А Муля добавил ласково:
- Вот ведь как бывает на свете: собака со зверем договорились, мирно уладили конфликт и не перегрызли друг другу горло. А коль звери да собаки между собой могут договориться, то люди, думаю, и подавно договорятся. Будет мир в Торе - обязательно будет!
- Конечно, будет! - воскликнули все весело. - Объединятся народы! Под одним на всех небом, под одним на всех Богом, с одной на всех верой, в одной на всех Церкви! На благо жизни, ради всеобщего счастья, ради миллионов-миллионов следующих поколений! - Разом поднялись с лужайки и продолжили путь в деревню.
А Светлана Семёновна спустя мгновение сказала:
- Так, почему никто не поёт? А ну-ка, споём осанну Торе!
И все запели без запинки, давно назубок выученную песню:
"Тора, Тора, мы с тобою мир чудесный сотворим
И однажды над землёю наше знамя водрузим!.."
А когда разошлись по хатам, Матвей, к своему необычайному изумлению, увидел возле печи в углу невероятно огромную груду "белых", таких же красавцев, пузатеньких и черноголовых, как в дубраве.
- Дедушка! Бабушка!.. - воскликнул тот весело, стоя посреди комнаты со своей тяжёлой корзиной. - Это вы столько насобирали?!
- Ну а кто же! - весело ответил дедушка, сидя с Анной Фелициановной на лавке. - Мы с бабушкой.
- Так здесь же видимо-невидимо!
- Да уж, - улыбнулась бабушка, - штук триста, не меньше!
- Ух ты! Вот это здорово! - не переставал Матвей удивляться.
- Так ведь и у тебя корзина полненькая, - весело сказал Фёдор Адамович. - Уж, наверное, ни как не меньше двух сотен!
- Да нет, дедушка, - скромно улыбнулся Матвей, - не больше сотни, пожалуй. Но где ж вы столько насобирали вдвоём? Уж сколько боровичков в дубраве мы нашли, но ваше местечко, видать, самое изобильное.
- А ты поставь, Матвеюшка, корзинку-то в общую кучку, - радостно проговорил дед, - повесь кепочку на гвоздик, присядь к столу, и мы с бабушкой тебе расскажем, где находятся наши с нею места и как мы собираем свои грибочки.
И спустя минуту дедушка с бабушкой рассказали внуку, что грибов наросло полно вокруг - и не только в дубраве, а в борах, осинниках, ельниках и в берёзовых рощах, вдоль тропинок, полей и едва ли не на огородах.

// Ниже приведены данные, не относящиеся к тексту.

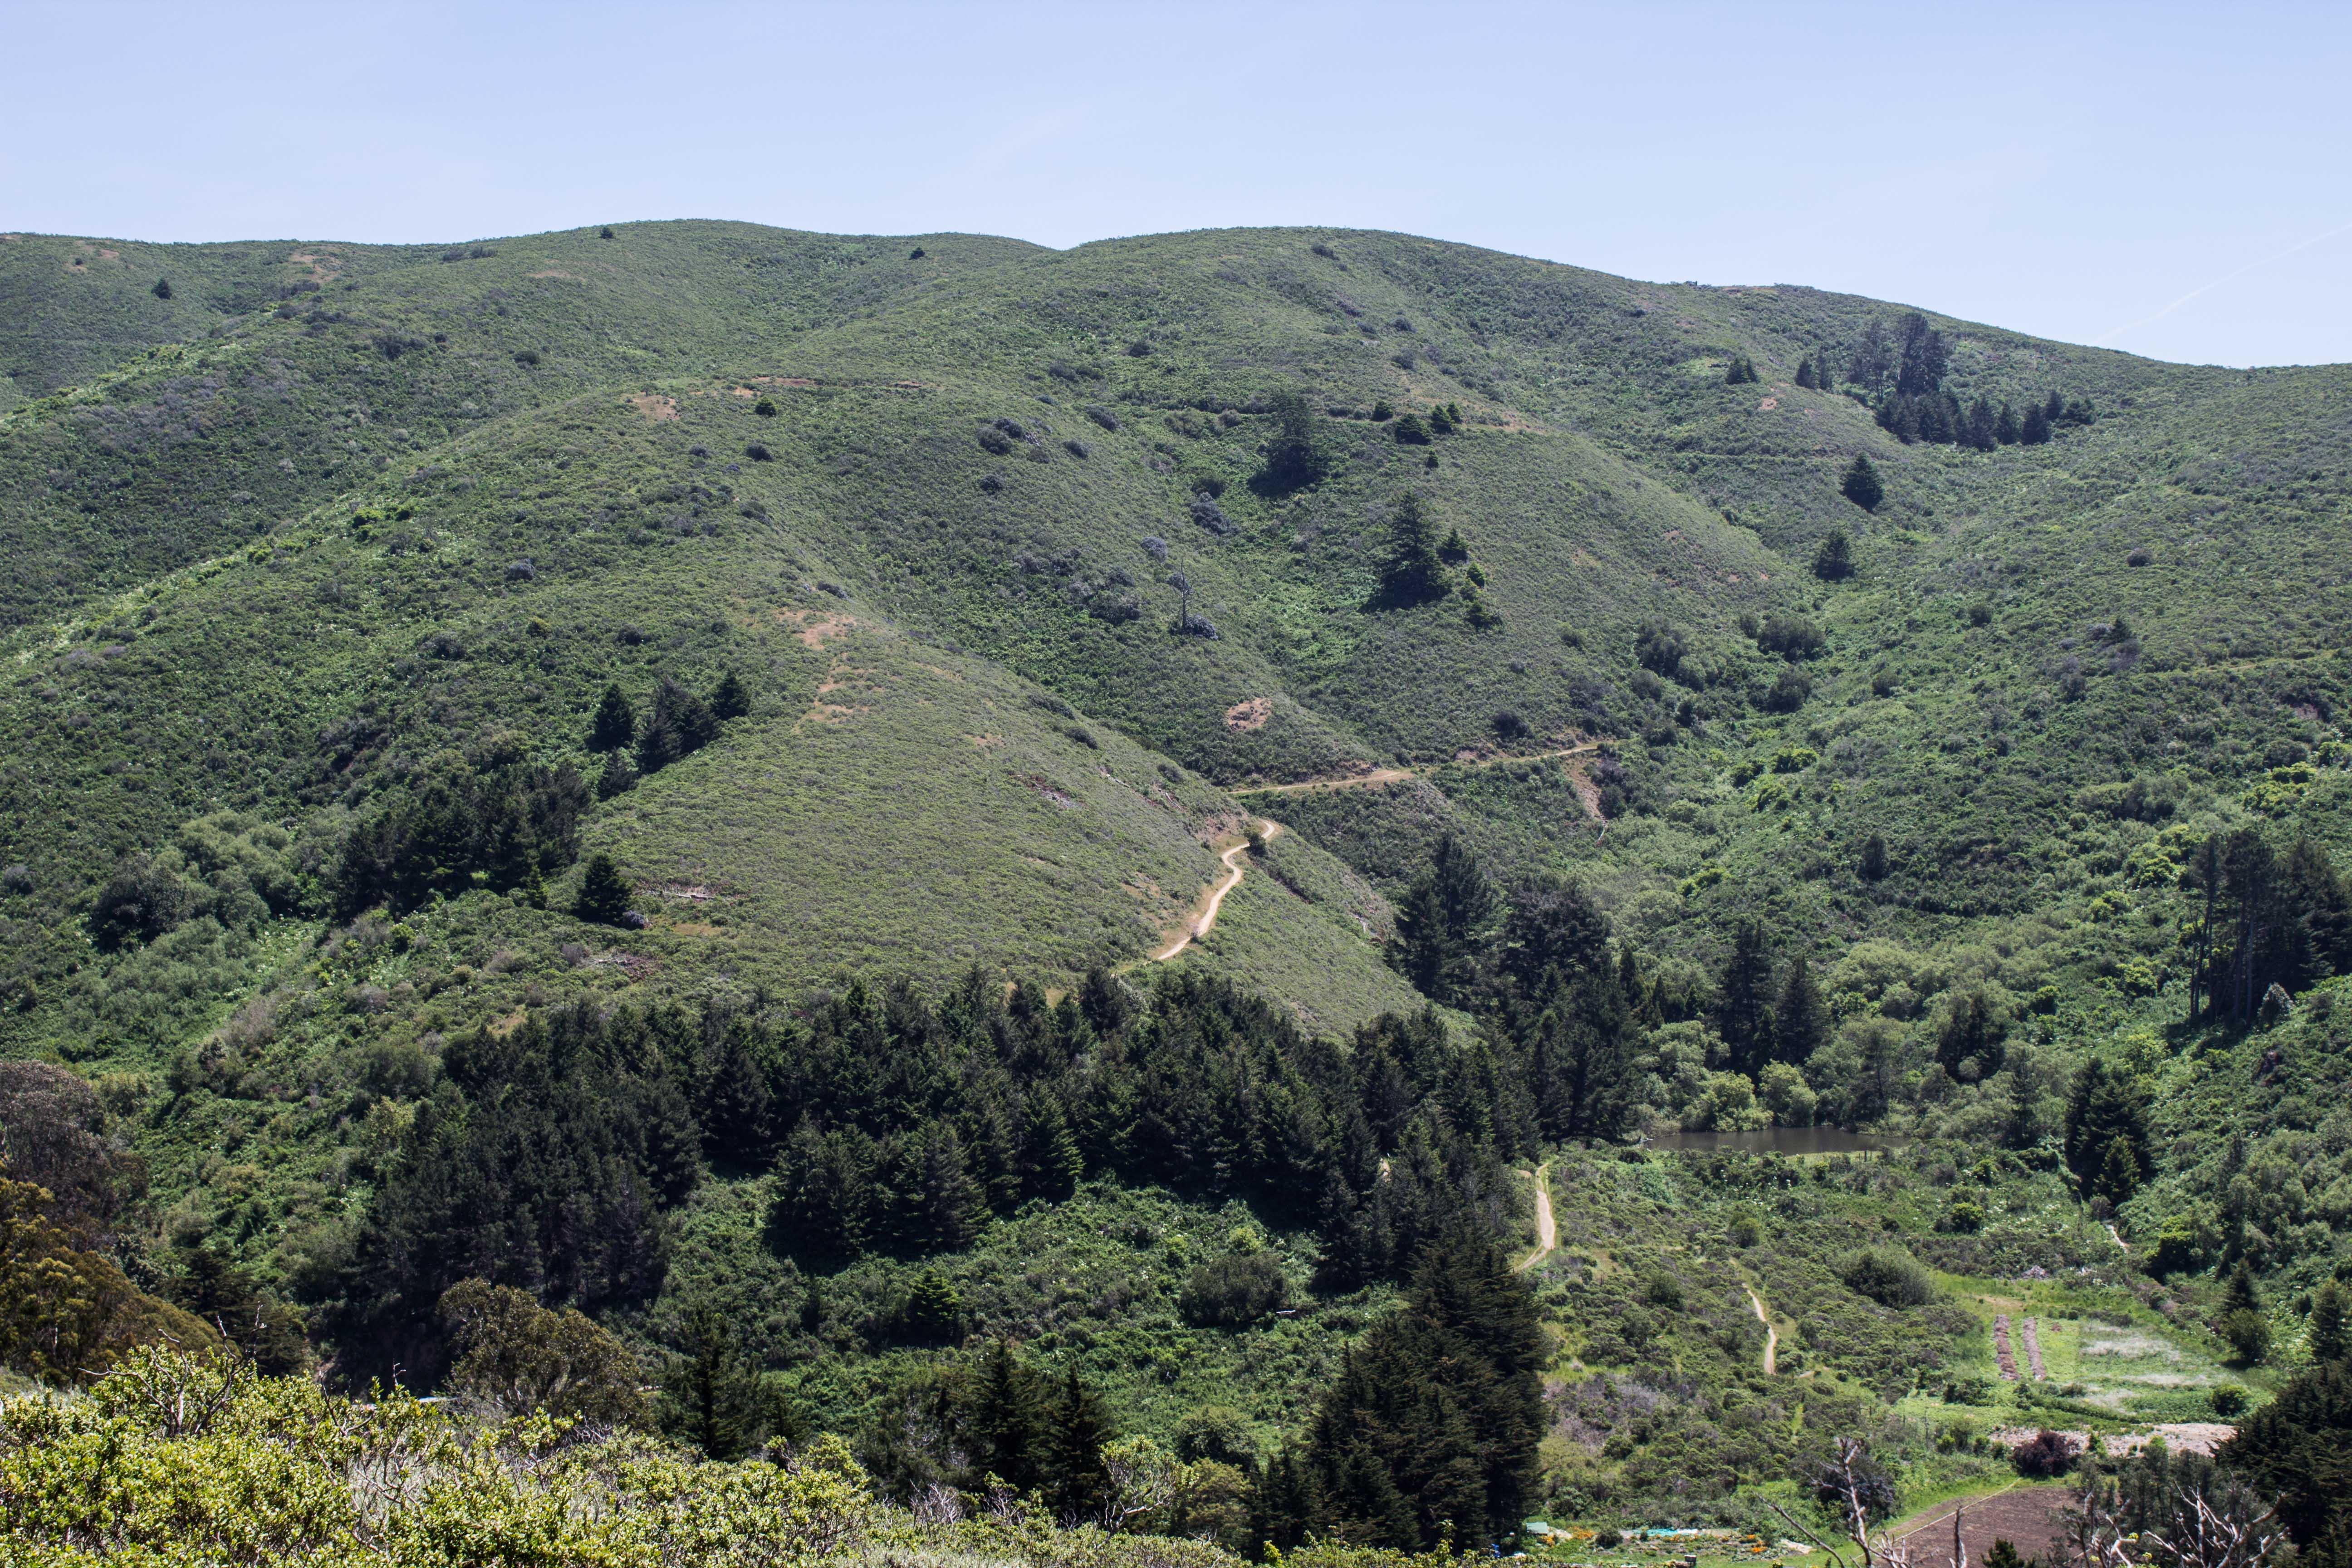 Golden Gate National Recreation Area. Dawn Page/Coastside Slacking

Ходить далеко не надо; вышел за околицу, поклонился лесу, прочитал какую-нибудь сладкую сердечную молитву, сказал ласково: "Вересок, расступись! Листок, поднимись! Покажись, мил грибок! Полезай в кузовок!", нагнулся, поднял веточку - и собирай грибочки. Главное, лес люби, без конца читай ему задушевную молитву, носи любовь в сердце - и Тора щедро одарит тебя за это.
Потом счастливые грибники с аппетитом пообедали ароматным грибным супчиком, свежеподжаренными боровичками с луком да картофелем и запили клюквенным морсом. Управившись с обедом, что-то замариновали из собранного урожая первосортных грибов, что-то отварили и засолили, а большую часть поместили на засушку в печку, на противень, устланный соломой. После чего немного отдохнули, поспав часок на свежих прохладных постелях. Затем уже занимались по хозяйству: дедушка лихо рубил дрова возле хлева, бабушка тщательно складывала их в поленницу; Матвей рвал полынь кроликам за забором, и ему помогали Левон, Оля и Лена, благо погода была более или менее сносная, и дождь в основном лишь накрапывал, изредка изливаясь струйками. А струйки с неба были по-осеннему колючие, полынь - горькая, зато сладость в сердцах стояла необычайная - прямо не сердца, а соты доброго пчелиного мёда. К тому же Оля с Леной без конца пели песни, а их "суженые" им подпевали. Ну и, конечно же, Лёнька с Матвеем не упустили случая, чтобы под прекрасное настроение сочинить очередное стихотворение. Вот этот милый стишок, коротенький, однако исполненный невероятно крепкой и возвышенной любовью, который необычайно любящие мальчики прочитали таким же необычайно любящим, как они, девочкам под сенью великолепного кудрявого клёна: "В небе облачко клубится,
Проплывая над землёй,
А в душе моей сияют
Счастье, радость и покой.

Потому что мир прекрасен,
Даже если облака
Посылают нам ненастье
В виде ветра и дождя.

А ещё глаза любимой
Светят мне как два цветка,
И пылают как жар-птица
Её сердце и душа.

Поцелуем согреваю
Я любимую свою,
А она мне отвечает:
"Я люблю! Люблю! Люблю!.."

Всё сильней мои объятья,
Полны трепета уста.
"Нам с тобою не расстаться -
Не расстаться никогда!"

Дождик?
Пусть себе грохочет по листве плакучих ив.
Ветер?
Тоже пусть кружится, хоть и слишком шаловлив.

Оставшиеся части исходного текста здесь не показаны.